Nesse sentido, precisamos ter a sabedoria para produzir e consumir nos limites
ecológicos ou iremos transferir a conta – no tempo profundo – para os espécimes
(chamemos de gerações!) futuros. Esta é a regra (de acordo com o atual estágio de
conhecimento) da qual são corolários os paradigmas como - menos, porém melhor;
substituição do quantitativo pelo qualitativo e participativo; modificação da máquina de
consumo e lucro (exagerado, quero crer); intoxicações consumidoras que nos
impulsionam; normas de qualidade – todas invenções humanas.

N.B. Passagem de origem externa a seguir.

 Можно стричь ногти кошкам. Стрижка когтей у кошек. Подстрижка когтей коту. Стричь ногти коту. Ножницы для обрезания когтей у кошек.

A propósito: A Pegada ecológica (apesar das restrições quanto à objetividade) mostra
quanto em hectares de área bioprodutiva é necessário para suprimento de recursos para
alimentação, habitação, transporte e outros bens, por habitante de determinada
população. Usando-se o calendário de 12 meses, os humanos exauriram, no dia 19 de
agosto de 2014, o orçamento (poupança) da natureza para 2014. Os 4 meses seguintes
irão consumir o capital e provocar déficit de “capital”. Quem paga a conta? Os países
(pessoas) de países exportadores de recursos naturais e serviços ecossistêmicos
embutidos em produtos e serviços comercializados, principalmente comódites.